No se te ocurre una manera más simbólica de hacerte valer como ama y señora de la casa que erradicar a sus ocupantes furtivos, así que agarrás lo primero que te parece que podría funcionar como arma (un paraguas destartalado) y te acercás al aparador. Si hay un roedor escondido, mejor encargarse de él ahora que está acorralado.
Abrís la puerta con un envión tan exagerado que casi la arrancás de sus goznes. El golpe asusta a una veintena de cucarachas que salen disparadas, cada una en una dirección diferente, multiplicadas por el espejo que adorna el fondo del aparador. La más gorda vuela directo hacia tu oreja, se choca, cae y empieza a caminar por tu hombro. Te sacudís asqueada, pero se te pasa cuando escuchás que alguien baja las escaleras.
Contenés la respiración mientras te preguntás quién podría estar en la casa.

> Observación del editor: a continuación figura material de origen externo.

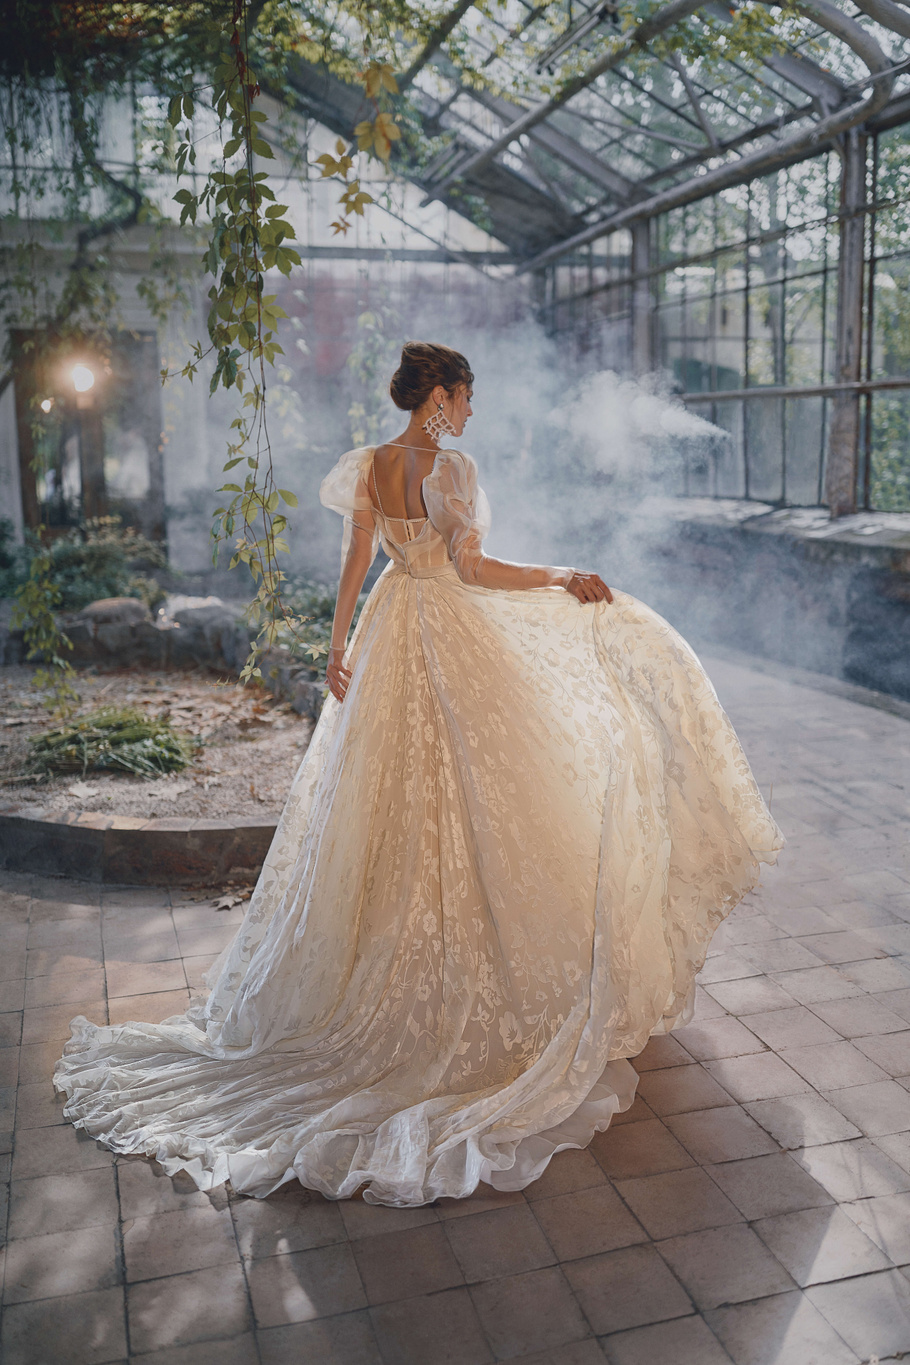 Купить свадебное платье «Йанг» Анже Этуаль из коллекции Леди Перл 2021 года в салоне «Мэри Трюфель»

A través de los vasitos ves que tu reflejo empalidece. Por los crujidos del piso sabés, sin dudas, que el visitante inesperado se detuvo en la puerta del living. Estás por darte vuelta para enfrentarlo cuando notás un detalle que empeora las cosas: el espejo del aparador, orientado hacia la puerta, solo muestra un rostro (pálido, de pupilas cada vez más dilatadas), el tuyo.